## Task
Pictures are to be dropped, and only the lines from the one containing "INVASTY - Investment Powerpoint Template" through the end of the data below are to be reproduced as written.

**** Source data ****

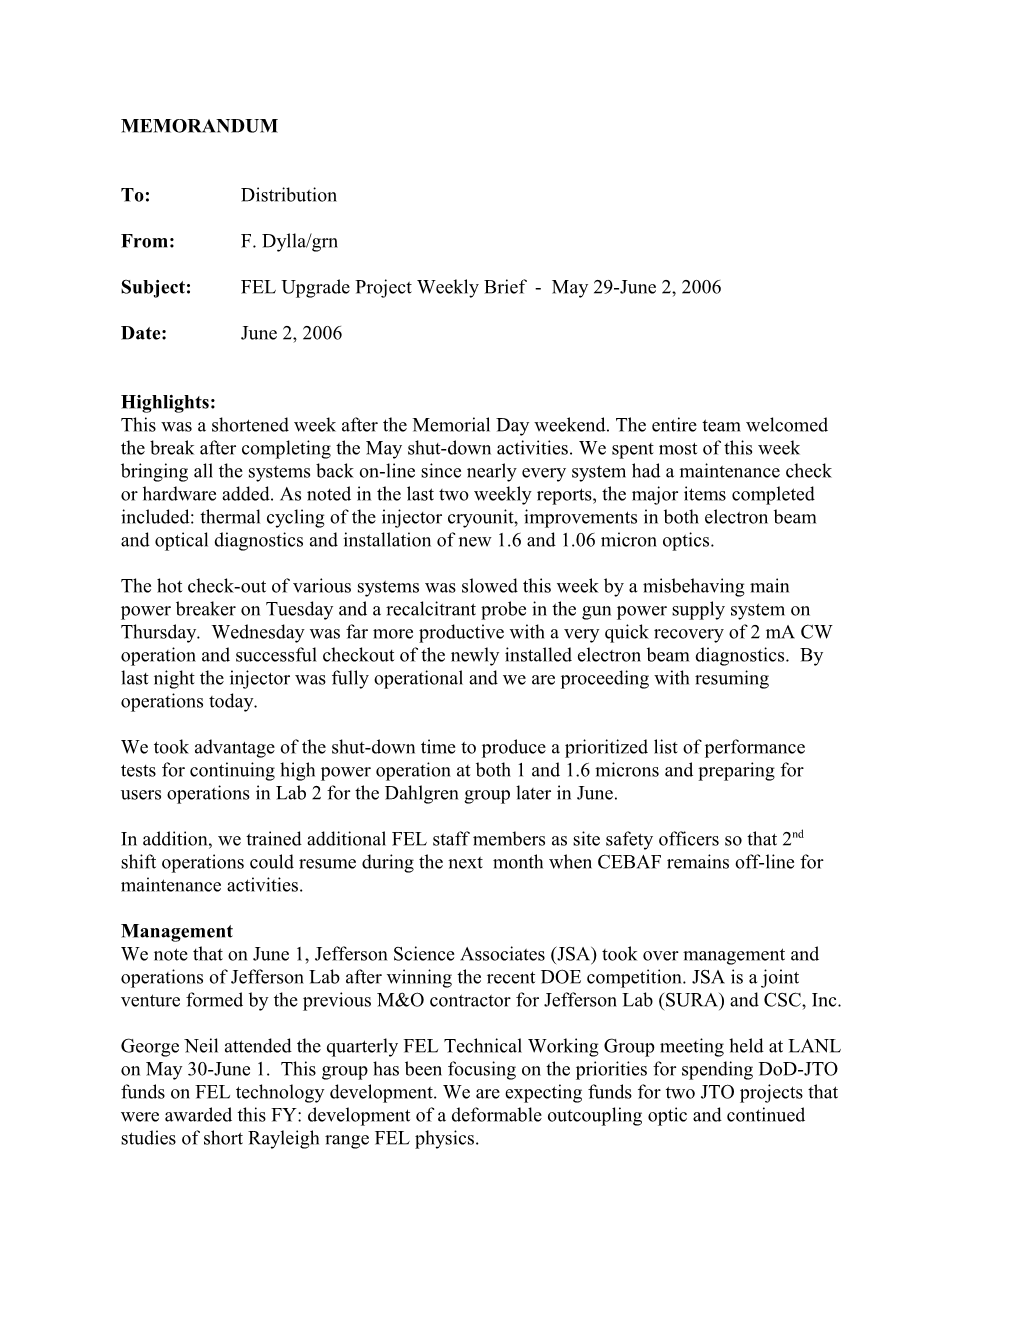 Subject:FEL Upgrade Project Weekly Brief - May 29-June 2, 2006
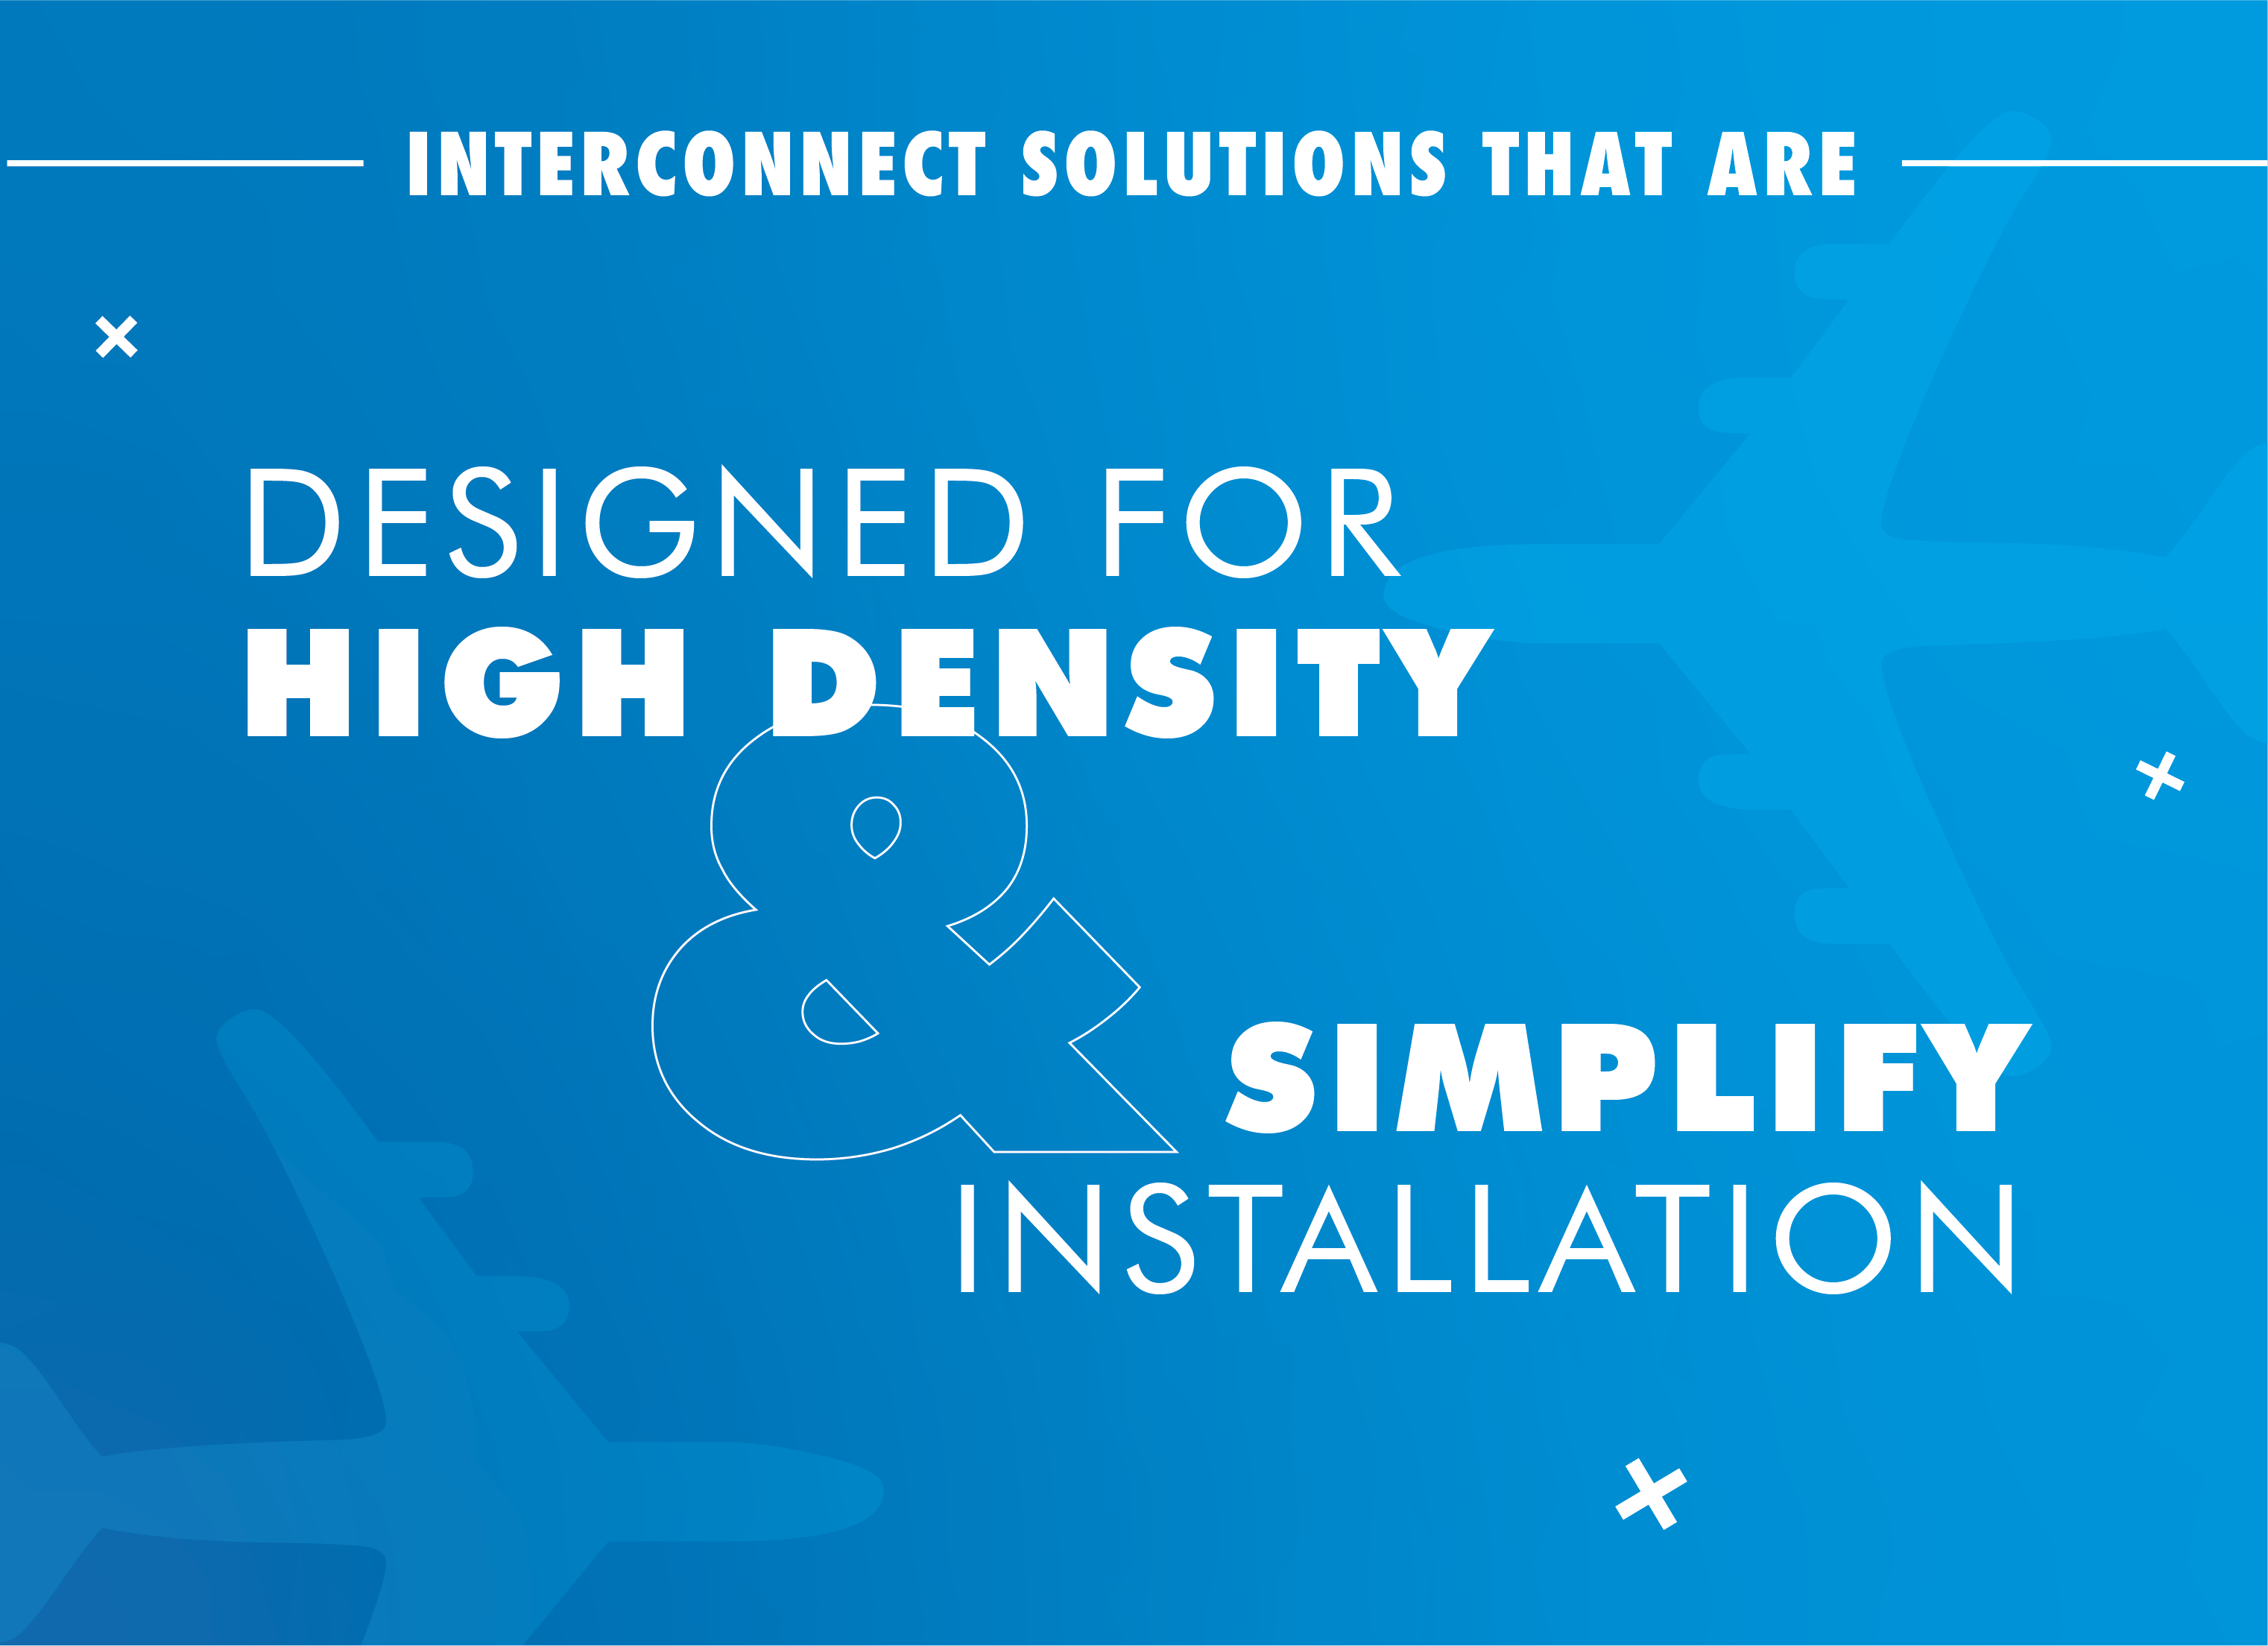 Products for High Density & Simplified Installation
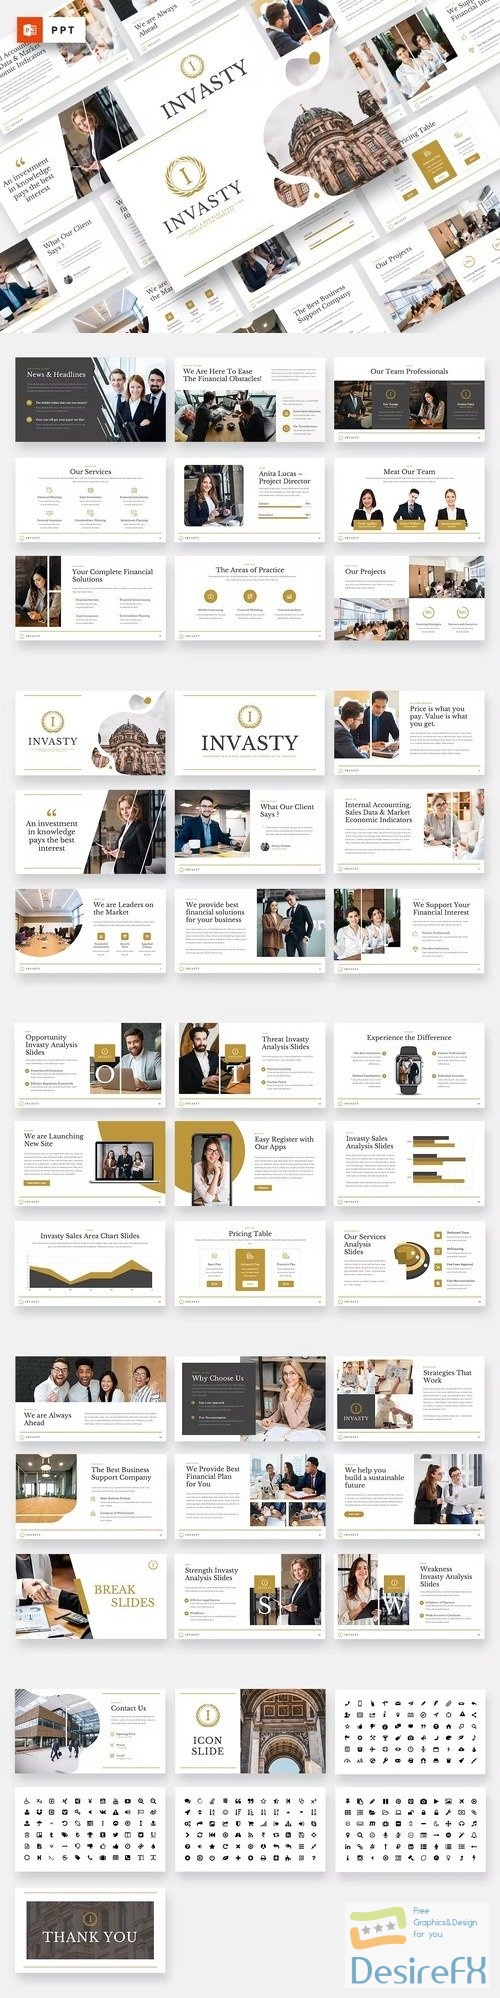 INVASTY - Investment Powerpoint Template
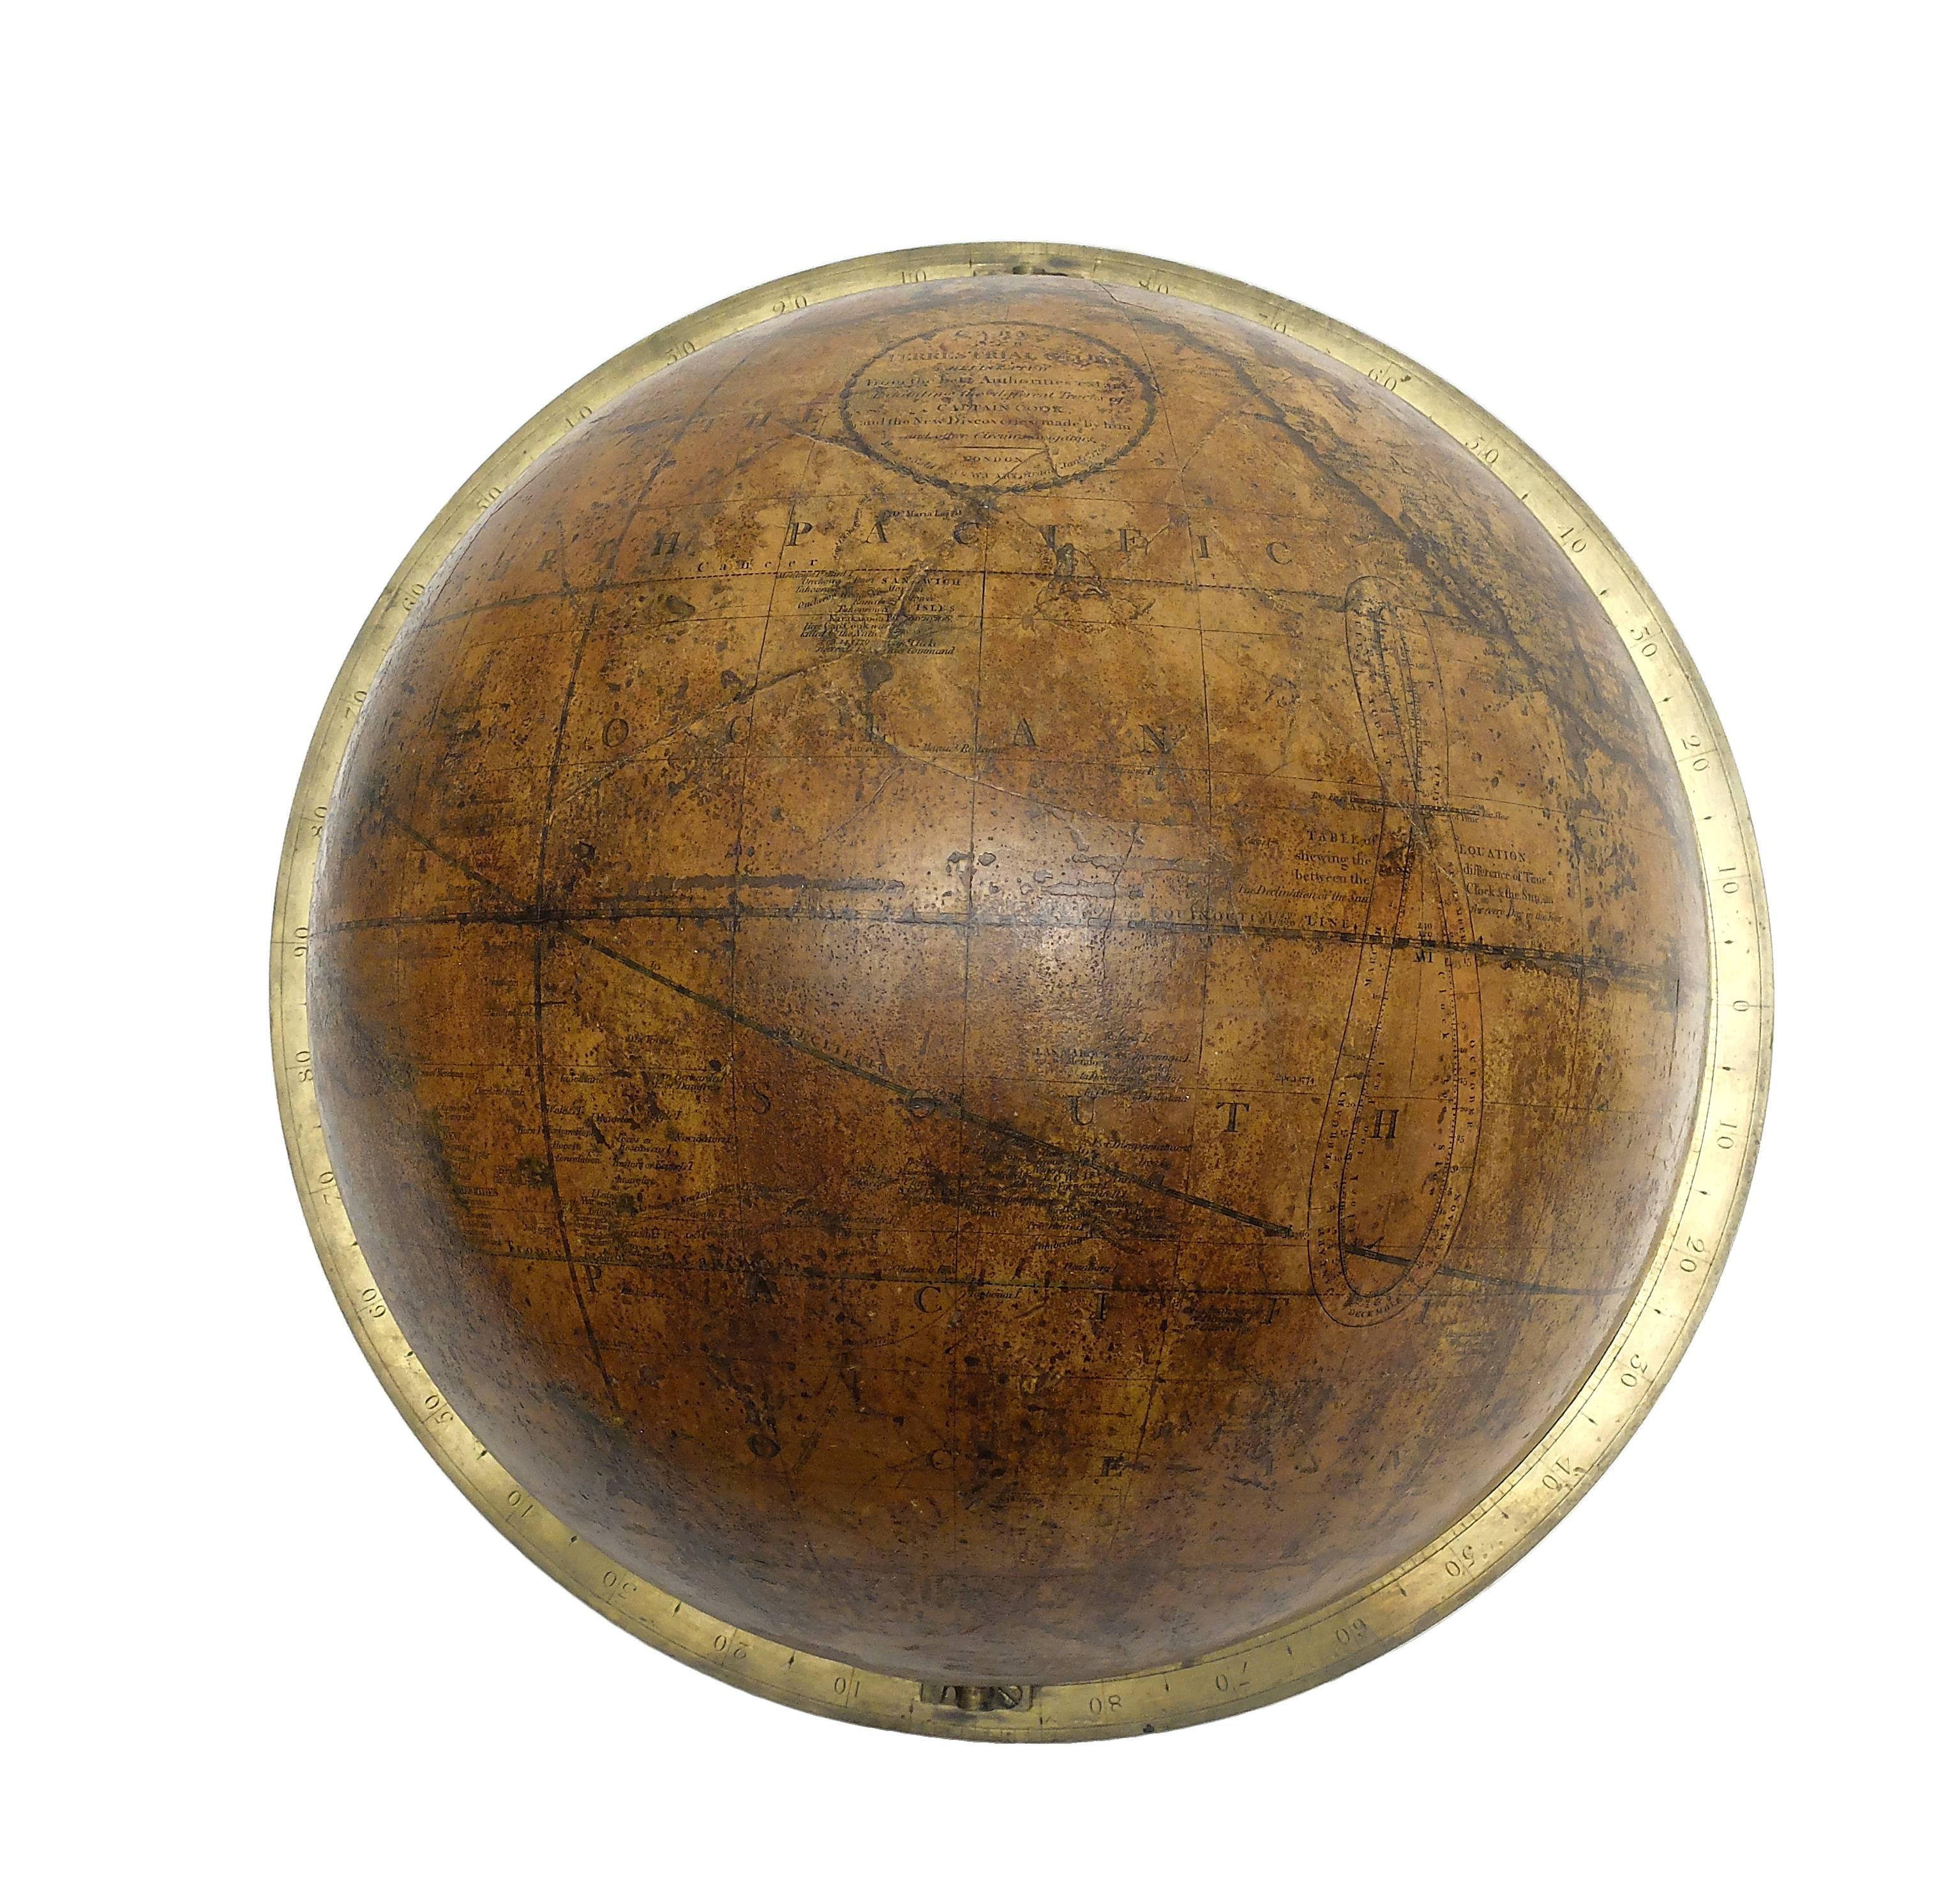 An important English terrestrial globe, signed Cary, London. 5

****

## Solution to this exercise
 INVASTY - Investment Powerpoint Template
 An important English terrestrial globe, signed Cary, London. 5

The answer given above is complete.